- Directed by: Lal Jr.
- Written by: Lal Jr.
- Produced by: Sibi Thoottapuram Joby Mundamattum Sajin Jaffar
- Starring: Asif Ali Lal Miya Biju Menon Lena
- Cinematography: Alby
- Edited by: Ratheesh Raj
- Music by: Deepak Dev
- Production companies: Ideas Inc SJM Entertainments
- Distributed by: RJ Films
- Release date: 25 July 2014;
- Country: India
- Language: Malayalam

= Hi I'm Tony =

Hi I'm Tony is a 2014 Indian Malayalam-language psychological thriller film directed by Lal Jr. The film stars Lal in the title role alongside Asif Ali and Miya playing the lead pair. Biju Menon and Lena also play significant roles in the film. The film was released on July 25 on the occasion of Eid-ul Fitr.

==Plot==

The movie is based on events that happen over a single night in Bangalore.

Sameer (Asif Ali) and Tina (Miya) elope to Bangalore after their days of love. They live in a flat owned by Achayan (Biju Menon). One night, a man named Tony (Lal) comes to their flat after he had an encounter with them. Later, he befriends them and goes into their flat where he starts torturing Sameer and Tina when they are alone.

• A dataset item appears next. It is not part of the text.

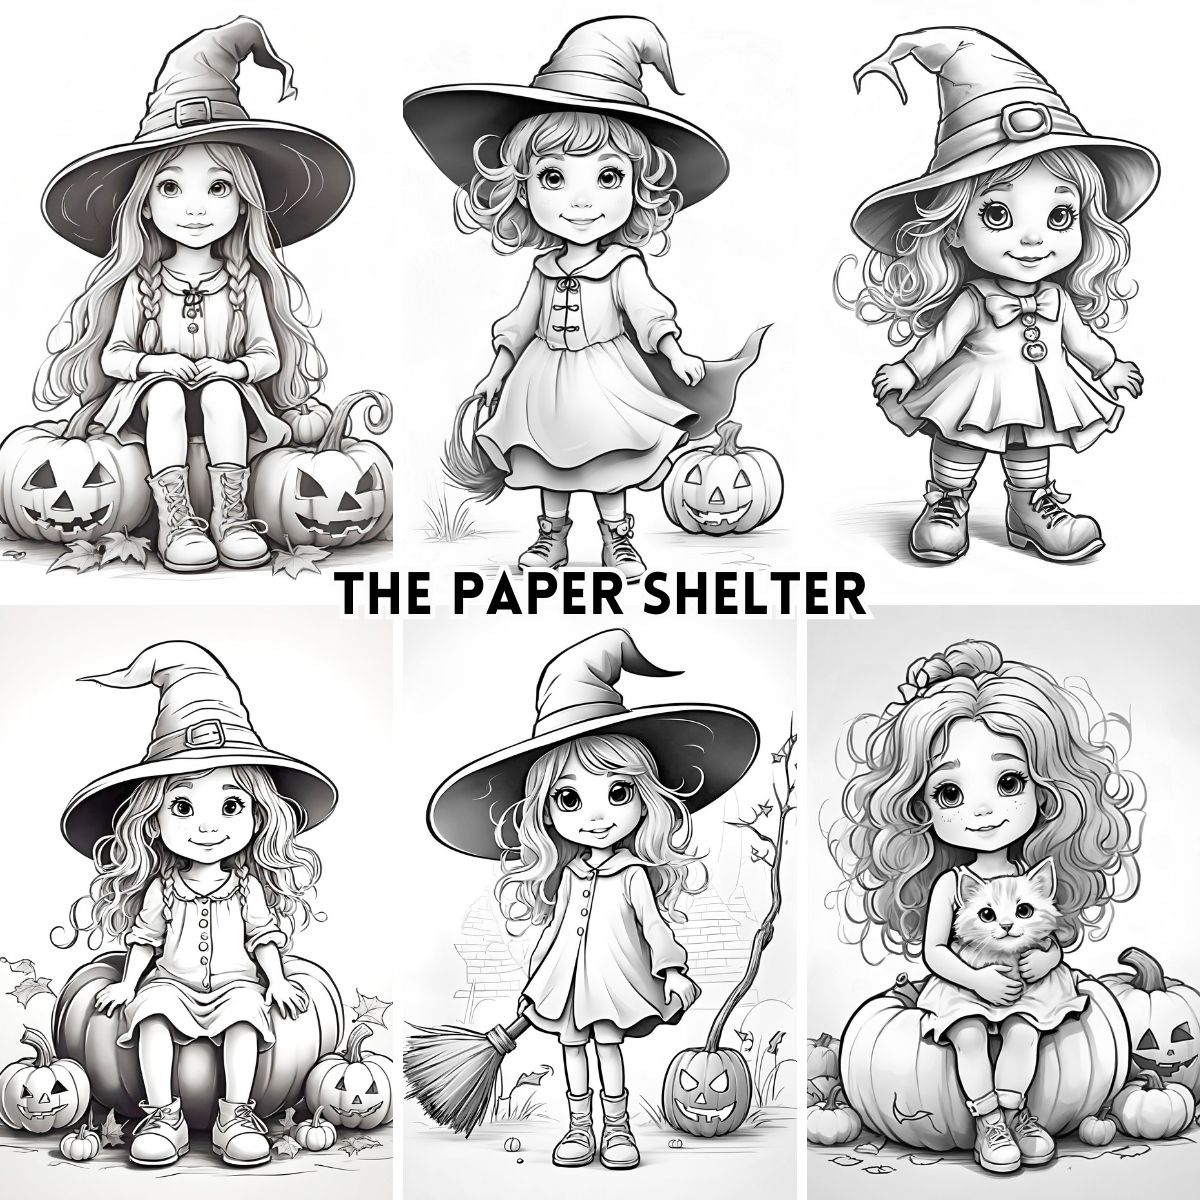 Charming Halloween Cuties - Digital Coloring Book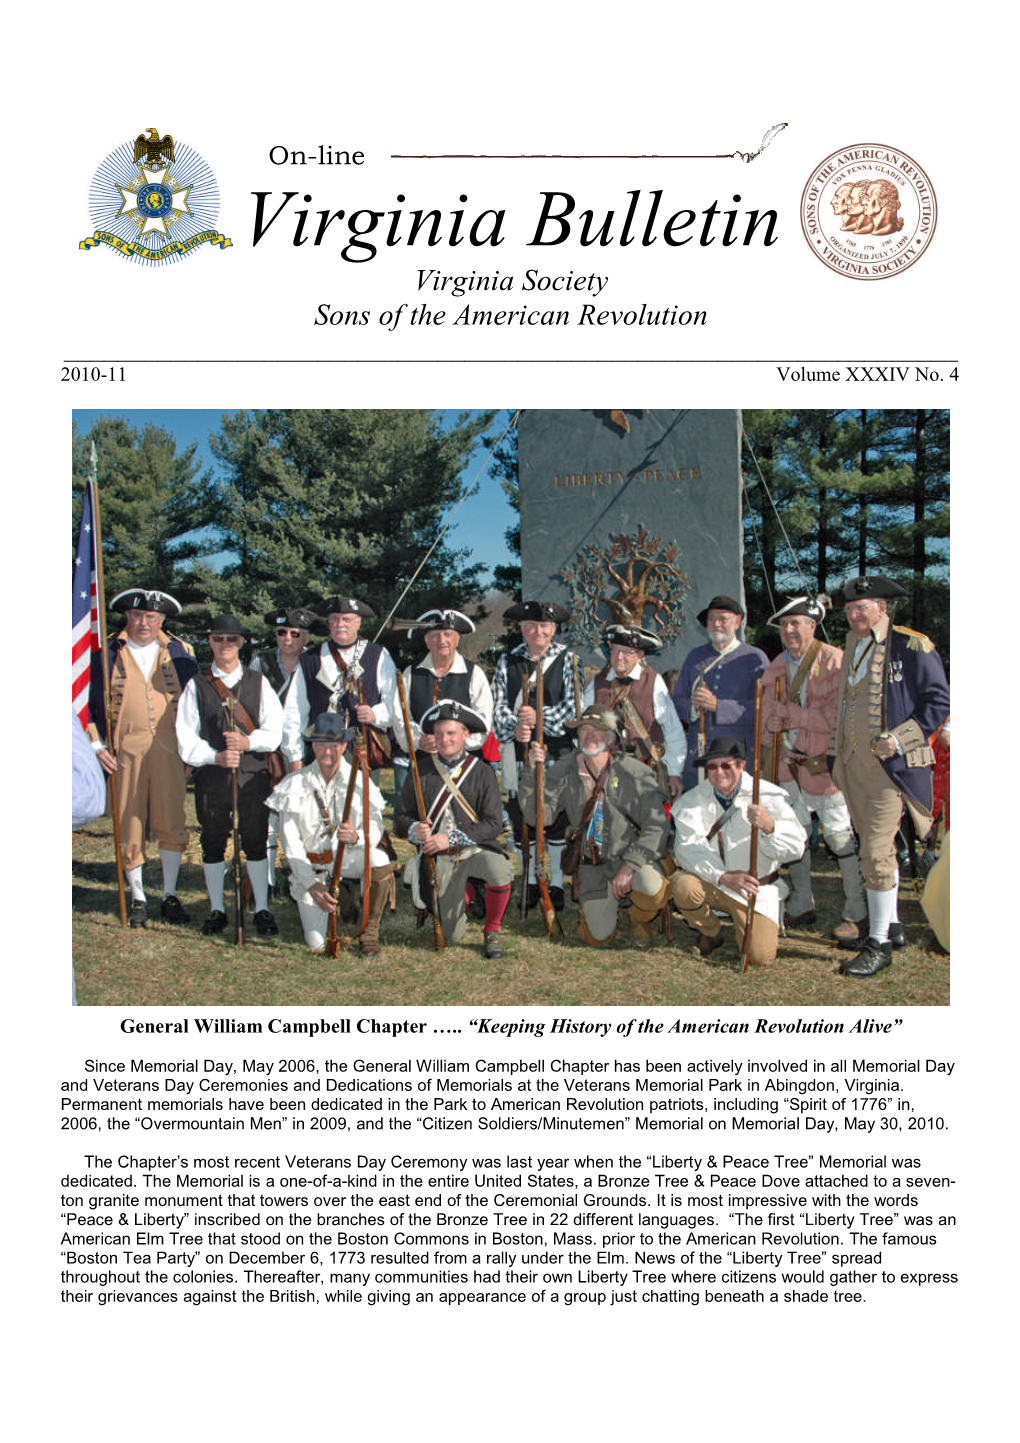 Virginia Bulletin Virginia Society Sons of the American Revolution ______2010-11 Volume XXXIV No

He asks them questions based on his life.

It is revealed that Tony killed his wife and daughter and put them in a bag and Tony came to Sameer in search of his wife's extra-marital affair with the person whom she affectionately calls 'Uncle Sam'. As Sam is a short name for Sameer, he gets in a fight with Sameer and later he is sodomised and killed by Sameer. Later, Achayan comes to their flat and sees the flat destroyed and Tony killed. Achayan goes out and buries the body. It is later shown that the body which was buried isn't Tony's but Achayan's.

A flashback shows that when Achayan tries to bury Tony's body, he gets up and attacks Achayan. Now Tony is going to take revenge against Sameer when a truck hits Tony and he is killed.

Later, we see Achayan's house where his wife (Lenaa) and his sons were in front of a wedding anniversary cake of them. Their children ask her when will Dad come and she says he will come soon. The frame moves from their room and goes out of their house and finally to the name board of their house which says 'Doc Samson', revealing that Achayan was the culprit and the real person that Tony was after.